Holistic scoring on a condition rather than an intervention. Scored the substance as "identifying + treating FH" rather than as the untreated condition. Untreated FH's effects would be hugely negative on longevity, energy after early MI, etc., but the dimension scores are positive-sense by design (per meta.md §5b), so the entry is scored as the win delivered when the substance is acted on. This is consistent with how screening entries elsewhere should be rated.

Zero scores on most dimensions. beauty_direct, beauty_cumulative, health_short_term, energy, focus, sleep, mood all zero — FH is silent until events, and being diagnosed-and-treated does not change daily felt experience. Longevity (5) carries the entry. Honest zeros earn the high longevity score its legibility.

USPSTF vs AAP/NLA disagreement on universal pediatric screening. Surfaced briefly in the protocol section and in the research dossier credibility range. Not surfaced in the article body as a debate because it does not change the reader's decision (everyone agrees screening is the right action when family history or LDL flags are present; the disagreement is about whether to also screen children with no flags). Editor judgement: highlighting the controversy would dilute the screening message.

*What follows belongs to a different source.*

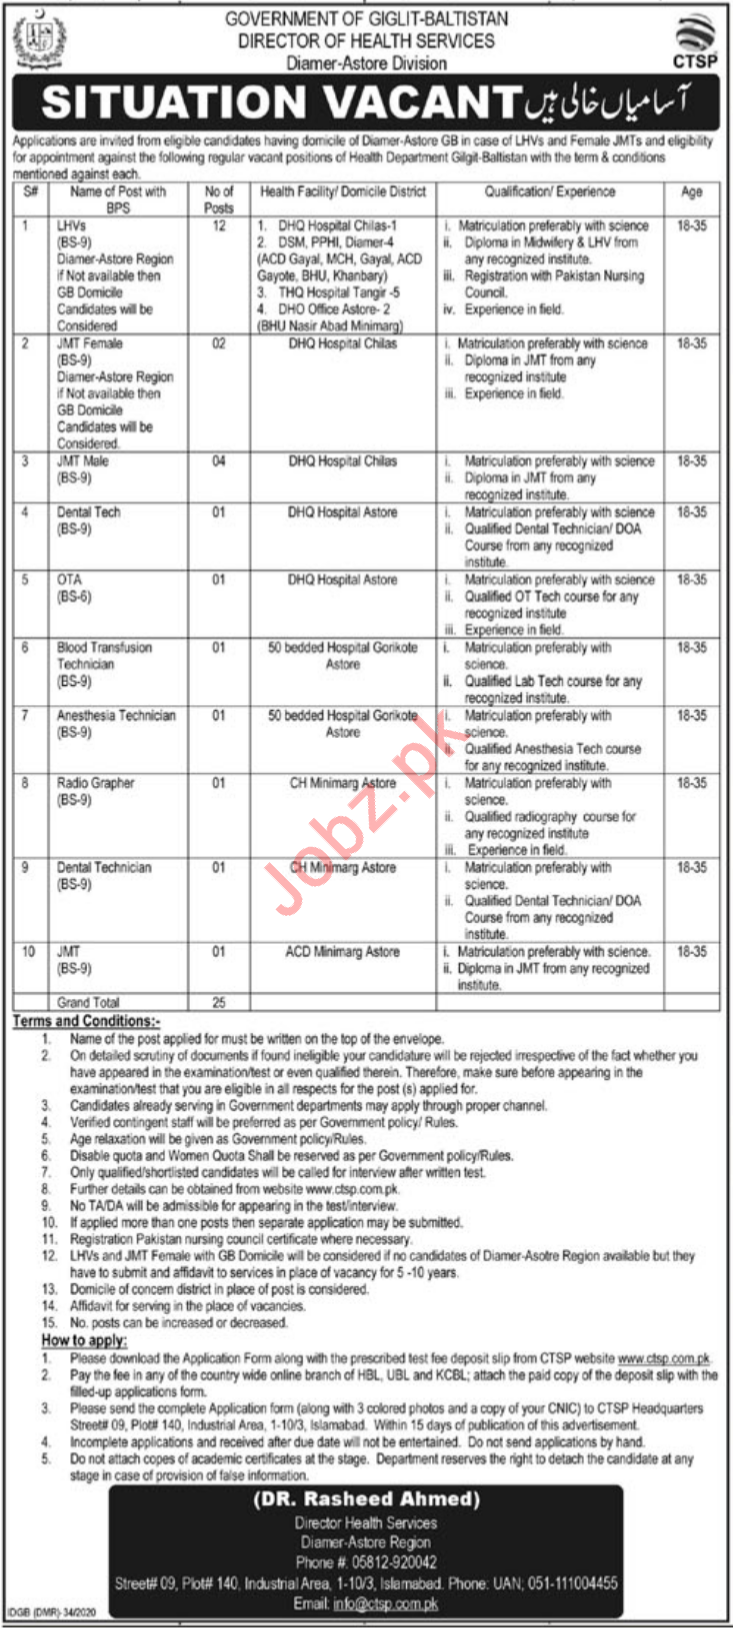 Health Department Gilgit Baltistan Jobs 2020 Via CTSP

Out-of-scope topics flagged for future entries:

• Lp(a) — inherited cardiovascular risk factor; warrants its own screening entry with similar cascade logic.
• ApoB measurement as a refinement on LDL-C for general cardiovascular risk.
• Polygenic hypercholesterolemia — more common than monogenic FH in adults, distinct management.
• Statin pharmacology and adherence in the general (non-FH) population.
• Lipoprotein apheresis as a standalone procedure for HoFH and severe refractory cases.
• Universal pediatric lipid screening as a public-health policy entry — the USPSTF/NLA debate is its own topic.

Contraindications. Pregnancy and breastfeeding flagged because statin therapy — the universal first-line treatment — is paused in both states. The diagnosis itself is not contraindicated in these life stages, but a reader looking at the rank card needs to see that the action's downstream treatment has a pregnancy-related pause.

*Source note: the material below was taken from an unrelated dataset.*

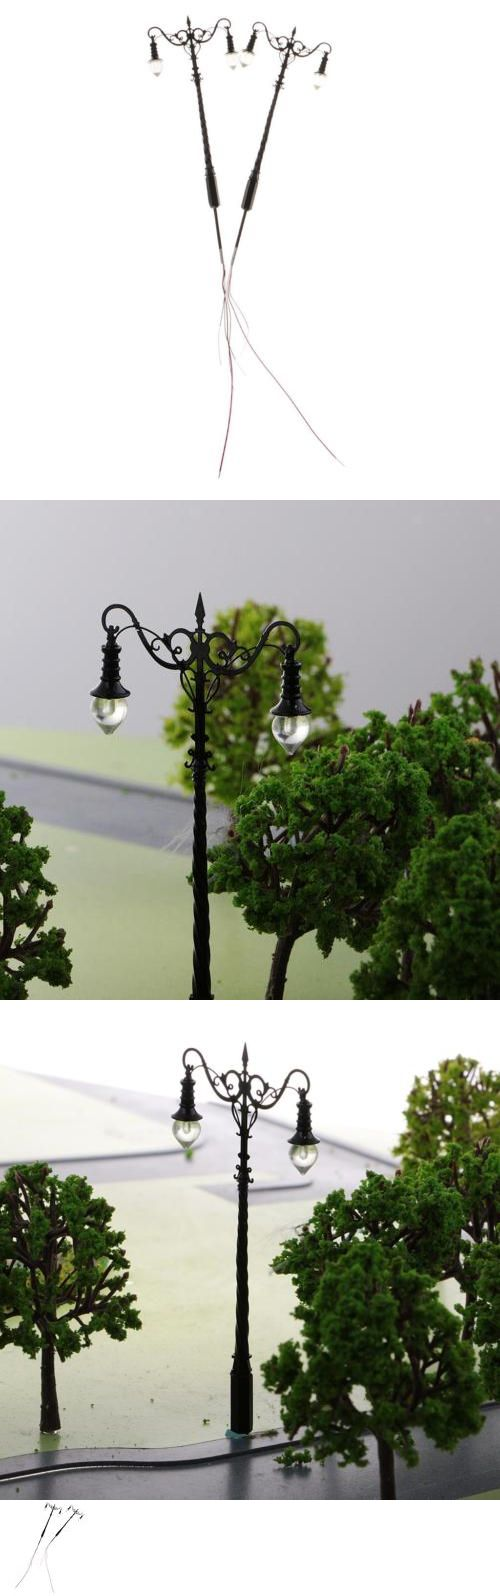 2pcs 1:64 S Scale Model Railway Layout Lights Street Courtyard Lamp Toys DIY

Founder populations. Mentioned in research dossier (French Canadians, Lebanese Christians, Afrikaners, Ashkenazi Jews) but not surfaced in the article — it would add length without changing the reader's action, since the family-history flag already captures the relevant population signal for any individual reader.

Cite chosen vs. cite considered. Used Sabatine 2017 (FOURIER) for PCSK9i outcomes rather than the FH-specific RUTHERFORD-2 because FOURIER carries the hard endpoint data; the FH-specific lipid-lowering effect is referenced separately. Used Luirink 2019 as the headline statin-in-FH-children paper; Luirink 2023 (Lancet 48-country prevalence) is cited for the equity / global-detection gap.